In Iran, childbearing process has been commensurate with the changes occurring in various socioeconomic and traditional aspects of the family. Thus, the total rate of childbearing in 24 out of 30 provinces in Iran has decreased below 1.2 the replacement level. In addition, numerous studies in Tehran suggested that childbearing level is <1.5. This is mainly due to applying contraceptive methods in the early years of marriage [4]. Several studies have investigated factors affecting childbearing decision, such as contraception, increased education, women’s employment, gender equality, changing values, poor economic conditions, and the lack of family support policies [5-9]. The effect of aging on women is a well-known risk factor in fertilization and reproduction. Adverse pregnancy complications in women aged ˃35 years include the following: spontaneous abortion, pregnancy complications, congenital malformations, and perinatal complications. Research on infant and childbirth outcomes has mainly focused on maternal age and related complications, and less considered father’s role [10-12]. 
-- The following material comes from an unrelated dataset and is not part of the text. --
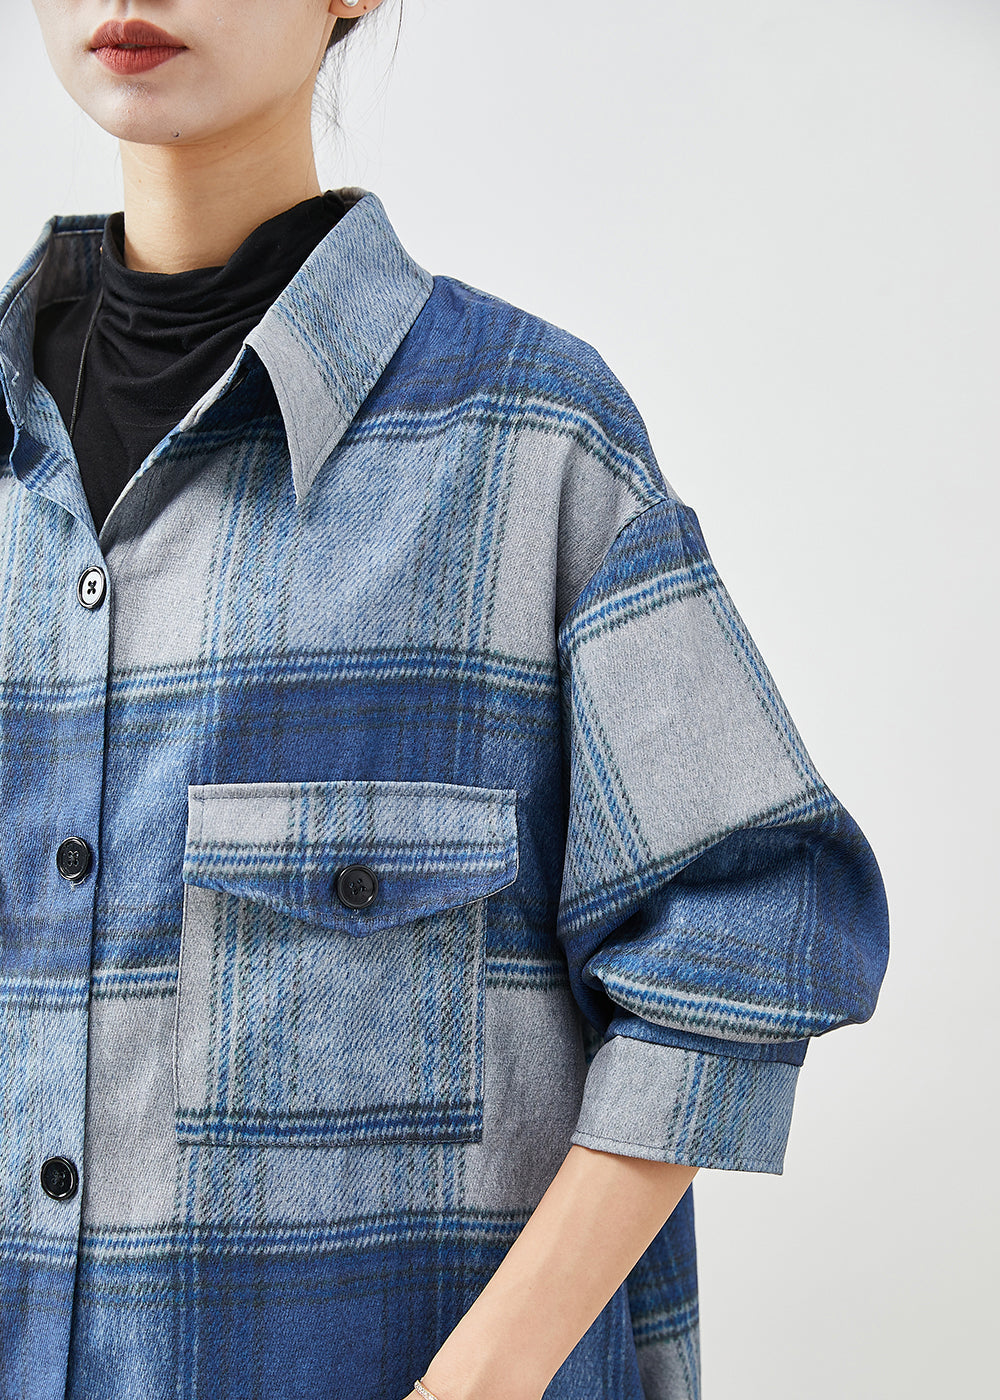 Handmade Blue Plaid Woolen Shirt Trench Coats Fall

Numerous studies investigating the risks associated with increasing paternal age indicated that it changes the reproductive function at different levels. These levels include reproductive hormones production, sexual function, semen production, fertility, pregnancy outcomes, and some age-related defects and abnormalities [2, 13, 14]. Pregnancy at older ages in men leads to infertility; it also has adverse effects, such as fetal death, preterm delivery, low birth weight, congenital defects (cleft of lip and palate, and cardiac defects), achondroplasia, bone defects, Apert syndrome, schizophrenia, and childhood/adulthood cancers. Possible relevant mechanisms include gene mutations and structural chromosomes abnormalities in sperm, and multiple chromosomal defects. In addition to aging, other factors, like occupation, smoking, and environmental contamination can alter sperm quality. This could result in fetus’s premature death [11, 15]. 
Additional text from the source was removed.